CONSTRUCTION, TRADES & MATERIALS
The US construction industry comprises 3.3 million businesses providing employment to over 9.4 million Americans and generating a combined annual revenue of $2 trillion. Sectors within the industry include building construction (builders and contractors), heavy construction (infrastructure), and special trade contractors (plumbing, HVAC, painting, electrical, masonry, carpentry, roofing, concrete, water well drilling, structural, glasswork, excavation, and demolition).
The companies holding the largest market share in the industry include DR Horton Inc., Turner Construction Company, AECOM, Fluor Corporation, and EMCOR Group Inc.
The construction industry added more than $900 billion to the US economy in the first quarter of 2020—its highest level since the 2008 recession. It employed 7.64 million people in February 2020, also the highest levels since 2008. Then, COVID-19 reached the United States, causing the industry to lose $60.9 billion in GDP and decreasing total jobs to roughly 6.5 million, effectively wiping out two years of GDP gains and four years of job gains.
TRENDS & CHALLENGES
While construction costs (labor and material) have been continuously rising putting pressure on costs and prices, technology advancements in construction materials and methodologies are creating interesting opportunities for the industry.

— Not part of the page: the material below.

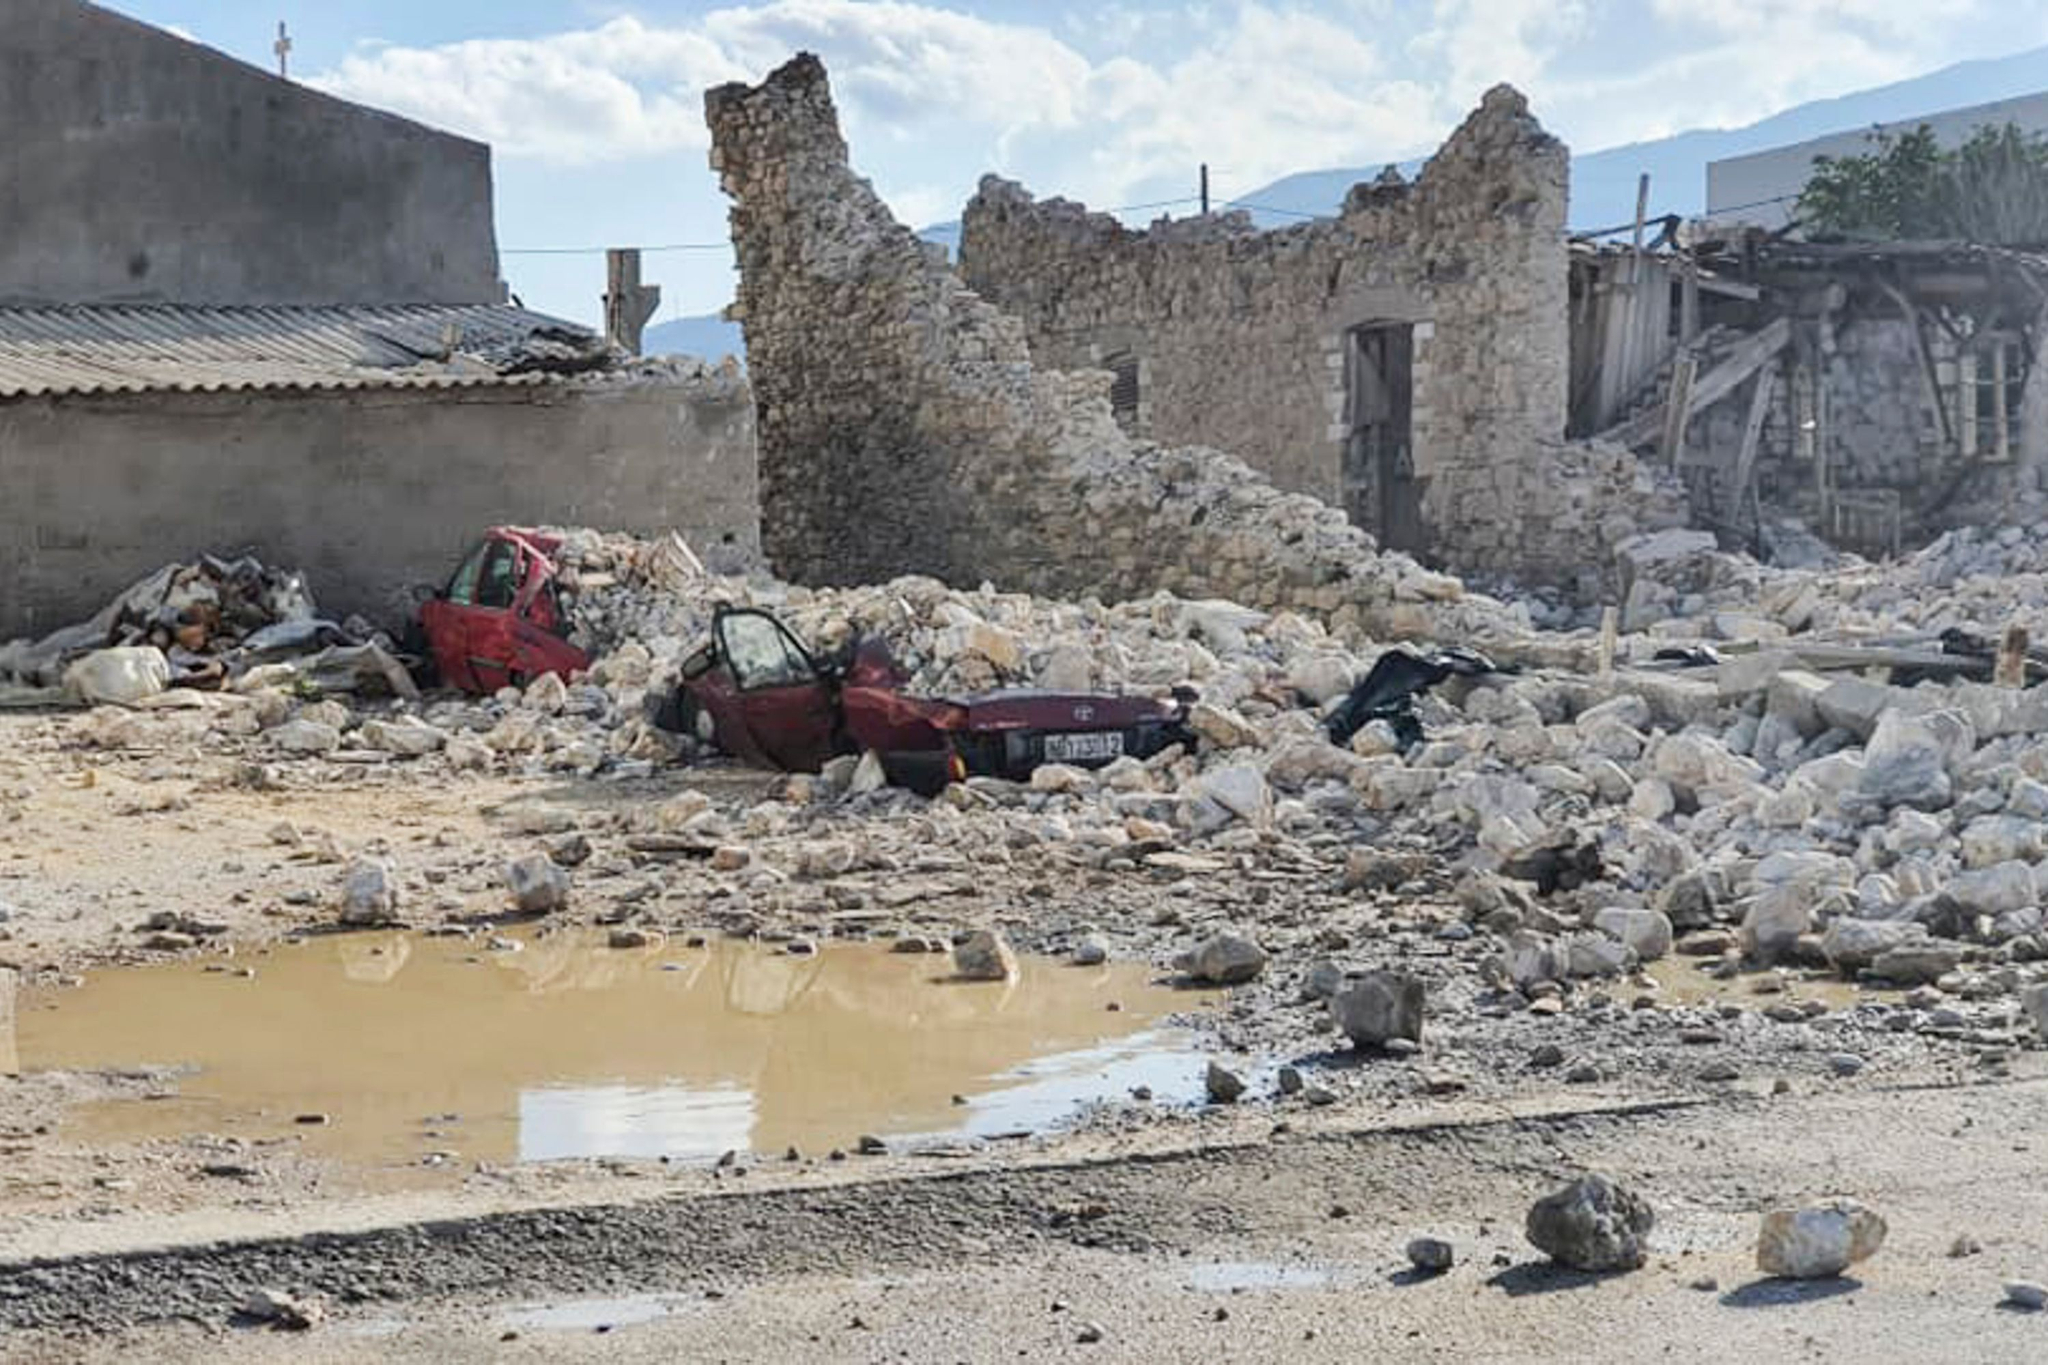 터키 서부 에게해 해역에서 30일(현지시간) 규모 7.0의 강진이 발생했다. 사진은 지진으로 건물이 붕괴되는 등의 피해를 입은 그리스 사모스섬. AFP=연합뉴스

This industry seems to be lagging behind others in digital strategy and maturity, creating pressure to increase the pace of digital investments. One approach is to identify ecosystem partners they can work with to enable connected construction together. This ecosystem approach can be a key enabler for adjusting to new market realities and better responding to disruptions.
The different outlooks for residential and nonresidential segments may present various challenges for companies in 2021. Smaller firms with less balanced portfolios or a higher exposure to energy, travel, hospitality, or recreation end markets are likely to experience greater volatility in the coming year. Larger firms with more diversified exposure may absorb this impact better. As we move into 2021, more construction companies are expected to target different business models and targeted consolidation.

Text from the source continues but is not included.